Of course, I use the word "stifled" cautiously because, quite honestly, the very things that can make Anderson a maddening filmmaker are also those things that help to make him one of this generation's most visionary and expressive auteurs. Even when I haven't particularly cared for an Anderson creation, I have nearly always admired and respected his work and integrity.

While many considered Anderson's last film Moonrise Kingdom to be on the maddening end of the Anderson scale, the simple truth is that it was and remains one of my favorites of Anderson's films because it felt to me like he was taking greater risks and creating characters of a richer humanity acting both humanely and inhumanely in his very illusory world.

The Grand Budapest Hotel is a truly sublime moviegoing experience, possessing everything we've grown to love and hate about Anderson's meticulously manifested worlds while creating characters who live and breathe and dance and fuck and fight in this world. The Grand Budapest Hotel is very nearly a masterpiece, yet much like the world he's created it falls shy of perfection because perfection, in reality, is nothing but an illusion anyway.

Inspired by the writings of Stefan Zweig, an Austrian Jewish writer extraordinarily popular in the 1920's and 30's who escaped Austria in 1934 just after Hitler began rising to power and moved first to England then New York City and, finally, he and his wife located in the country of Brazil. A lifelong pacifist, Zweig's writings over his latter years became increasingly despondent as he watched intolerance and authoritarianism grow in the world. Finally, in 1942 Zweig and his wife committed suicide while holding hands side-by-side.

While such a description may make you hesitant to watch a film such as The Grand Budapest Hotel, you may rest assured that Anderson's film is only inspired by Zweig's writings yet it is very much an Anderson cinematic beast all its own. It is simultaneously joyous and melancholy, innocent yet despairing. The main character in the film is M. Gustave, played with absolute magnificence by Ralph Fiennes, an actor of Shakespearean experience who captures every minute nuance of Anderson along with the eloquence of every word and the importance of every single syllable. M. Gustave is the concierge extraordinaire of the grandest hotel in the fictional European country of Zubrowka in the year of 1932 when much of what occurs in the film takes place.

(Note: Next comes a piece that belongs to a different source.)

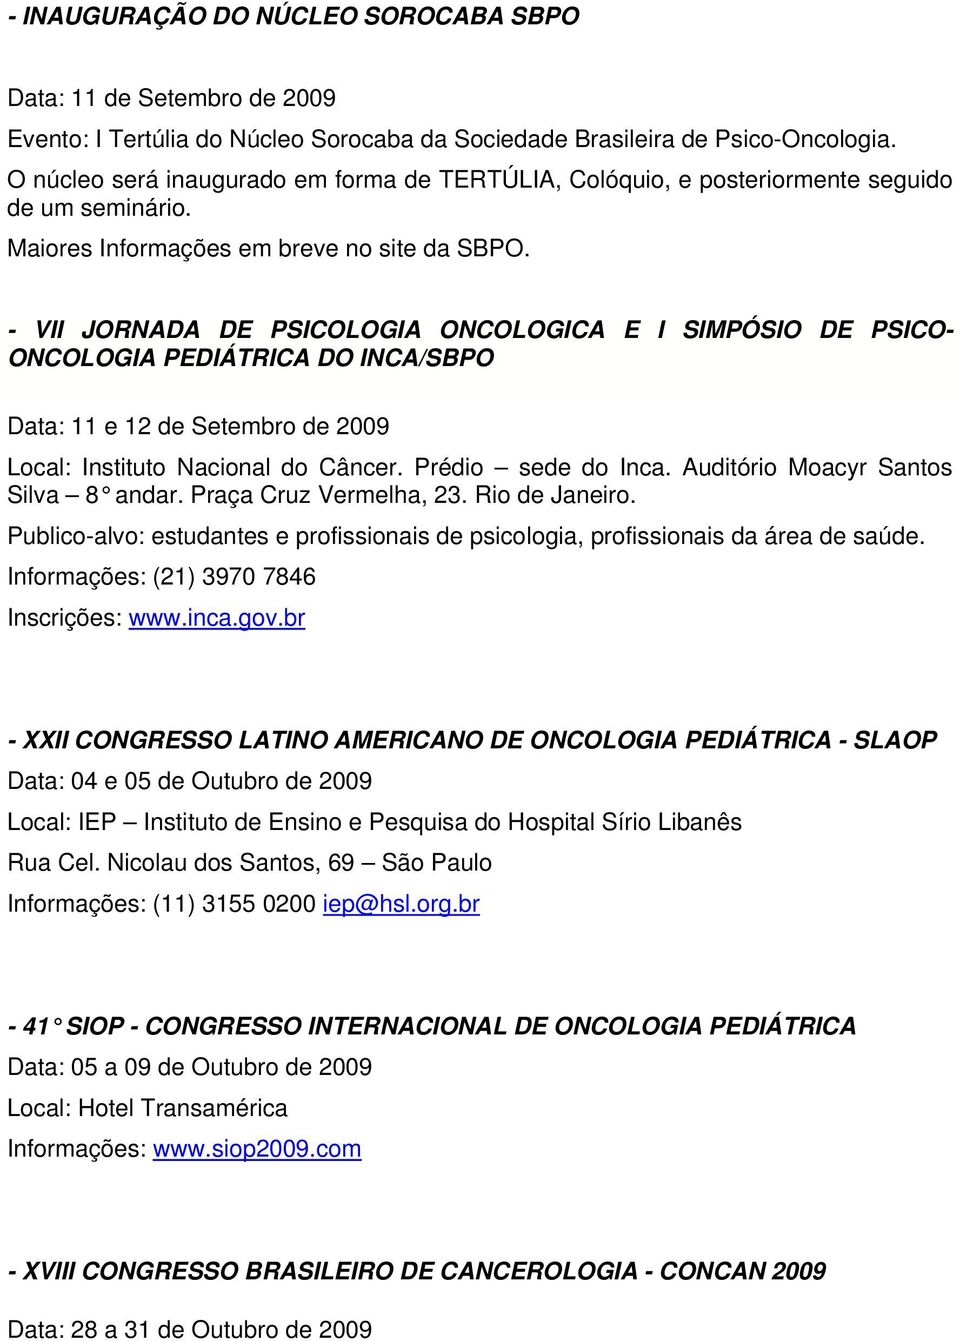 - VII JORNADA DE PSICOLOGIA ONCOLOGICA E I SIMPÓSIO DE PSICO- ONCOLOGIA PEDIÁTRICA DO INCA/SBPO Data: 11 e 12 de Setembro de 2009 Local: Instituto Nacional do Câncer. Prédio sede do Inca.

Actually, the film kicks off in typical Anderson fashion as we first spy a young woman in what is meant as modern day in the small town of Lutz as she approaches a town center where she pays a most appropriate tribute to the esteemed author of a book called "The Grand Budapest Hotel." Then, we flash back to 1985 where we see that author (played by Tom Wilkinson) preparing to give a radio show on how he came to write the book. Finally, we flash back even further as the now younger author (now played by Jude Law) taking up residence in what was by then a very run down hotel that has long ago left its best days behind. The hotel's mysterious owner, Mr. Moustafa (played as an adult by F. Murray Abraham), becomes enchanted by this writer's curiosity and agrees to share the story of how he came to own The Grand Budapest Hotel.

The story that unfolds is nearly as grand as The Grand Budapest Hotel, a story of another era that, as the prologue notes, may very well have been over even before M. Gustave was born. Gustave is not simply an exceptionally attentive concierge, but he is a man who is committed in the most intimate of ways to the wealthy, elderly ladies who frequent his hotel. Among these ladies, none manage to captivate him like the 84-year-old known solely as Madame D. (Tilda Swinton), a wealthy woman whose fate sets in motion everything else that follows in the film.

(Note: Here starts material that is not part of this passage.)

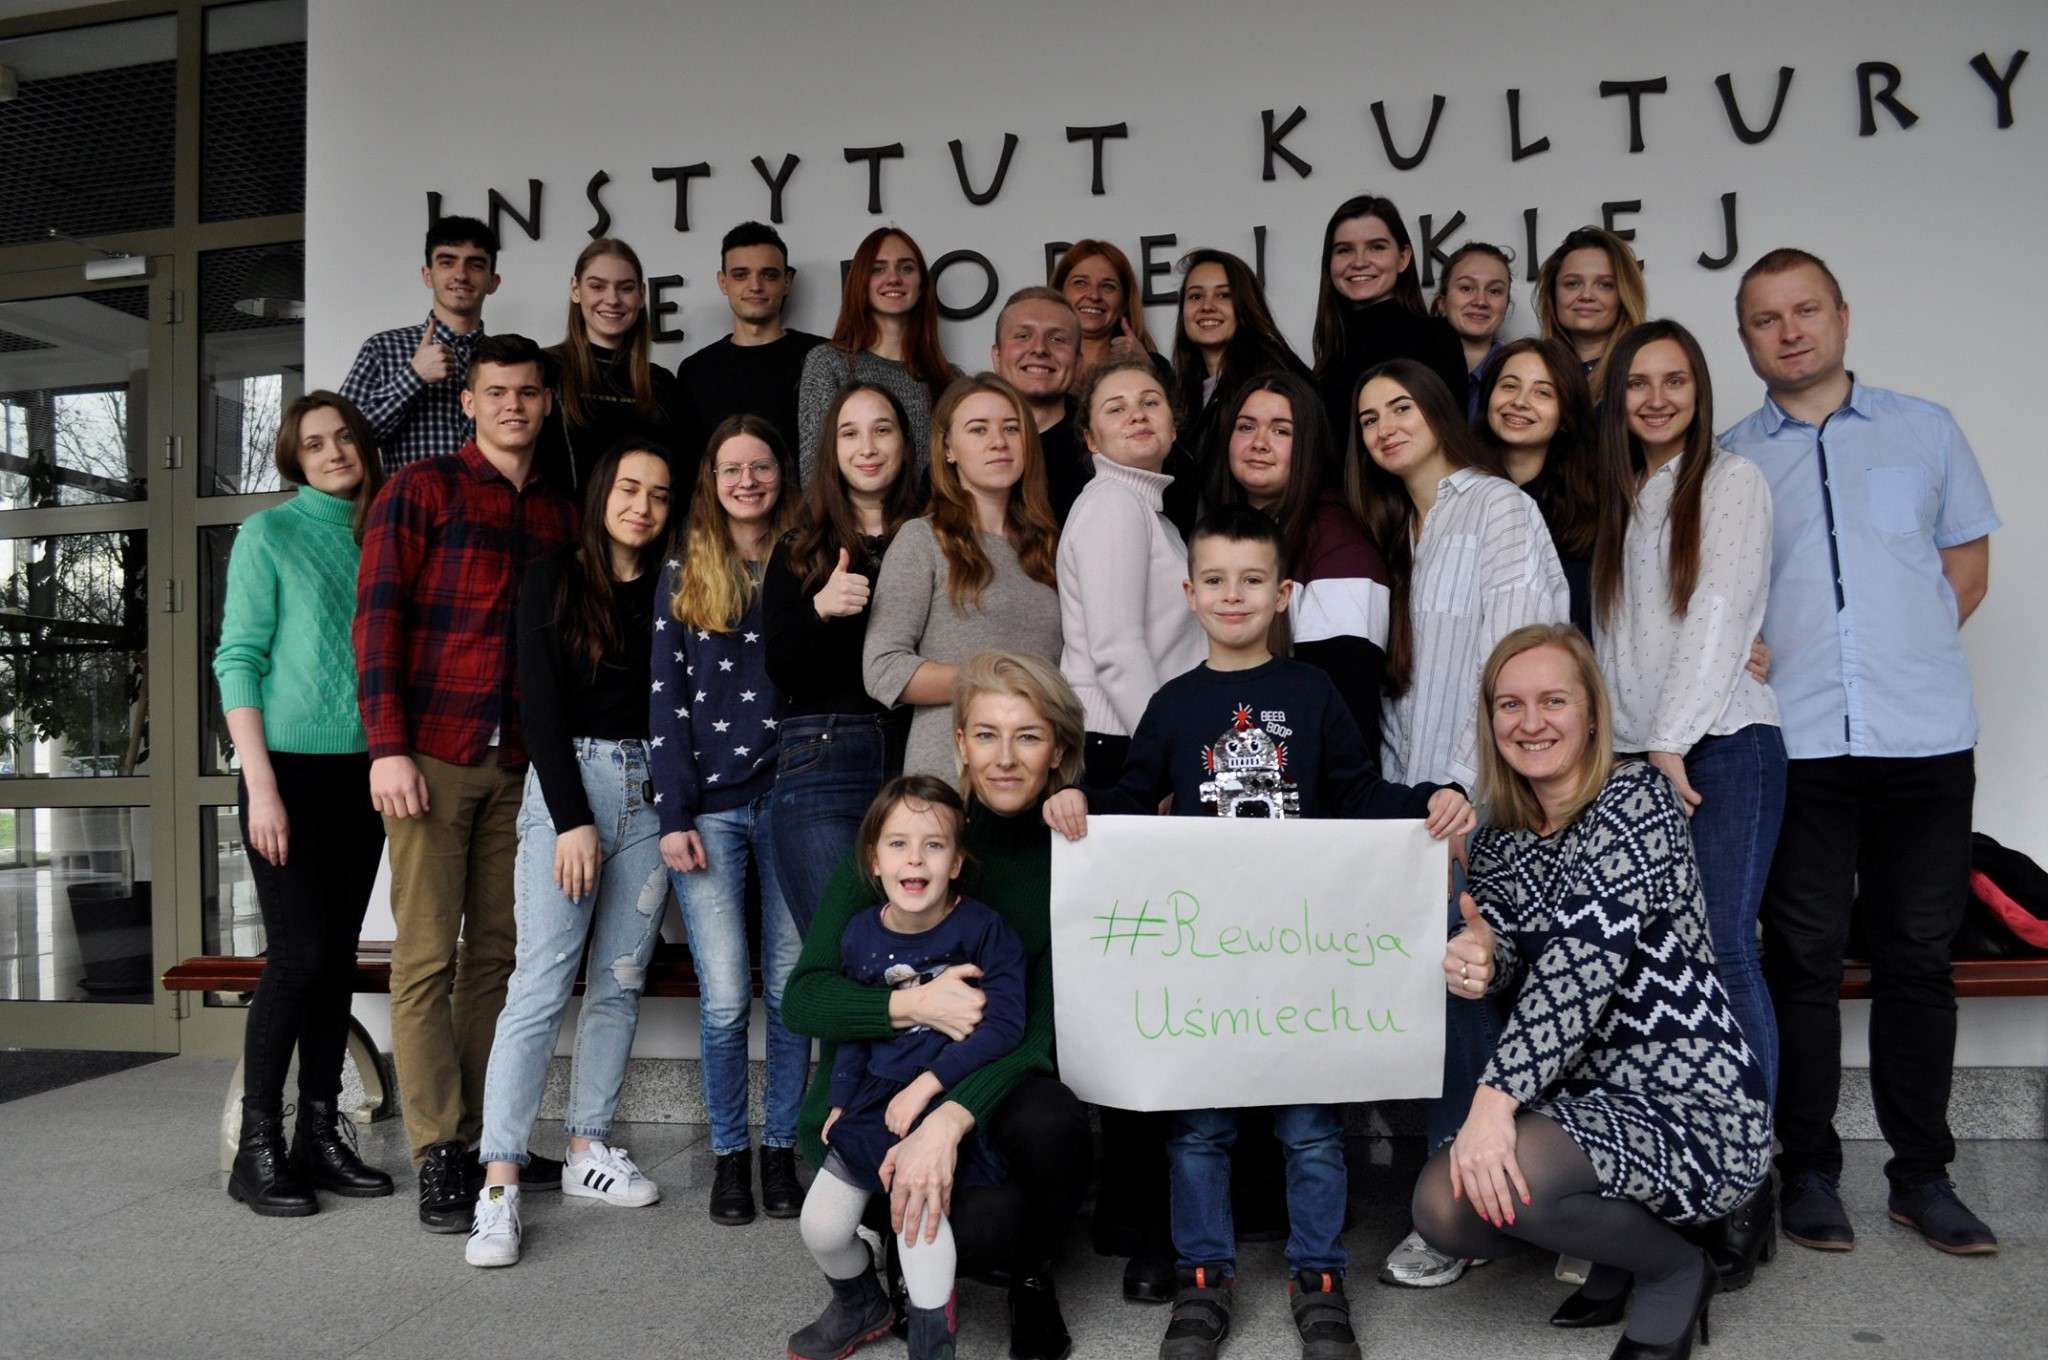 Akcja #RewolucjaUśmiechu – wspieramy Damiana Julkowskiego, studenta komunikacji europejskiej

While M. Gustave is the most important person at The Grand Budapest Hotel, a young boy named Zero Moustafa, played with perfect boyish enthusiasm by newcomer Tony Revolori, has been provisionally hired to be the new lobby boy and finds himself quickly taken under the wing of Gustave.

To give you any additional details would be shameful. Truthfully, I shouldn't have given you as much as I did because the true joy of The Grand Budapest Hotel is becoming immersed in the experience of watching it all unfold. It is not rocket science to realize the cultural significance of having a story sit so precariously between two world wars and the seismic shift that occurred both before, during, and after them. Zero has been hired at The Grand Budapest Hotel at what seems to be the winding down of a more civilized era of humanity and manners and service while fascism and intolerance and greed are beginning to stake their claims on society. Within the free-flowing confines of Anderson's story, we watch all of this not so peacefully co-existing even as we watch characters struggling with themselves and who they choose to define themselves to be.

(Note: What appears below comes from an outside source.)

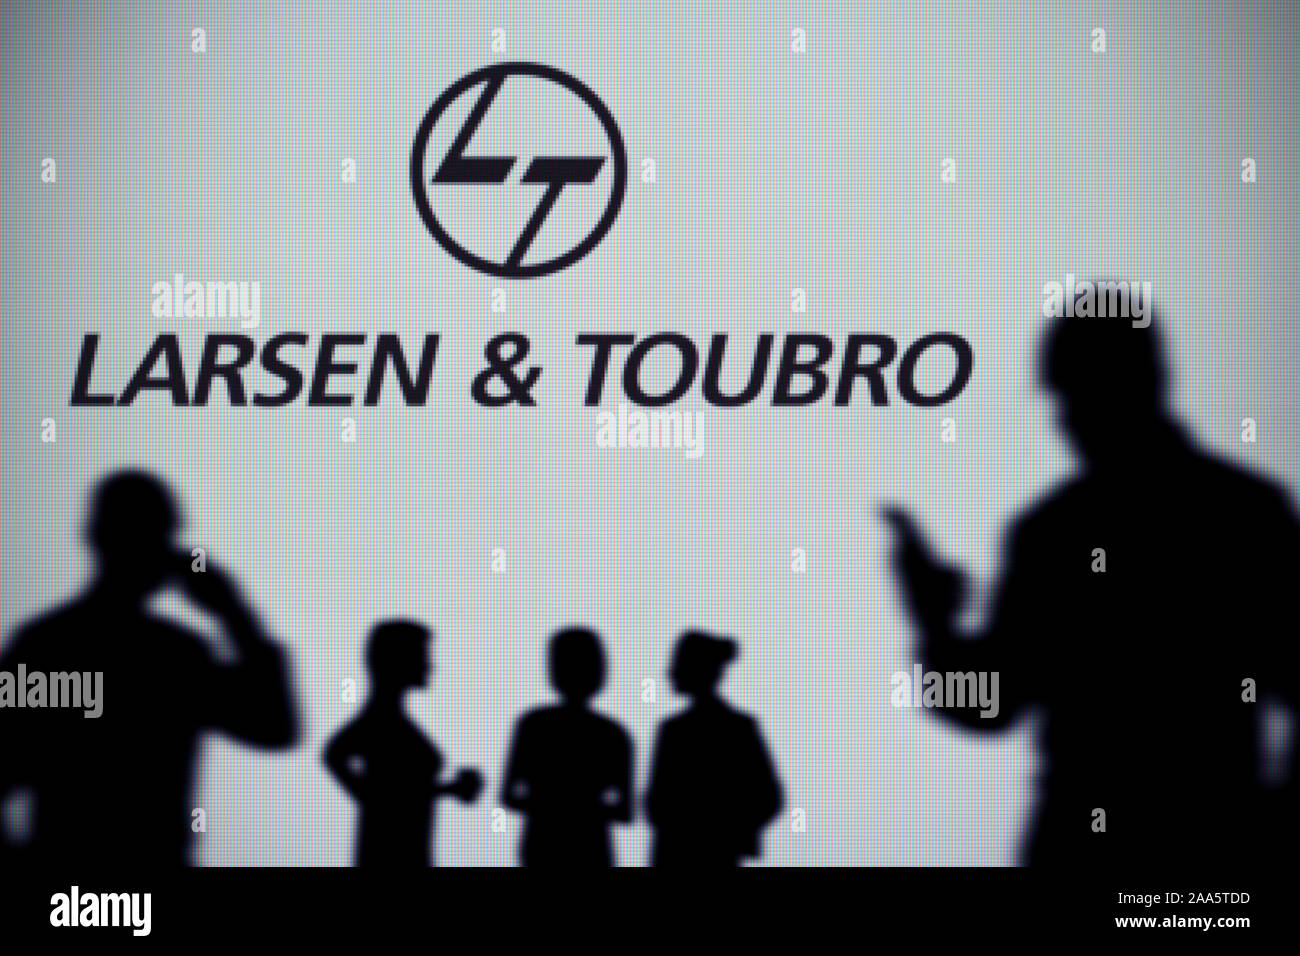 El Larsen and Toubro logo es visto en una pantalla LED en el fondo mientras una silueta persona utiliza un smartphone (uso Editorial solamente) Foto de stock

The Grand Budapest Hotel seems to show Anderson vacillating between a determined optimism and a resigned cynicism. It's as if he's grieving the loss of once was in art, in love, in history, and within ourselves. If you are familiar with classic cinema, you will unquestionably recognize familiar references from Lubitsch to Becker to even a glimpse of Hitchcock. The world that Anderson has created is just as precise as we've come to expect from Anderson, but it is far more expressive and deeply felt than we've ever seen Anderson even attempt.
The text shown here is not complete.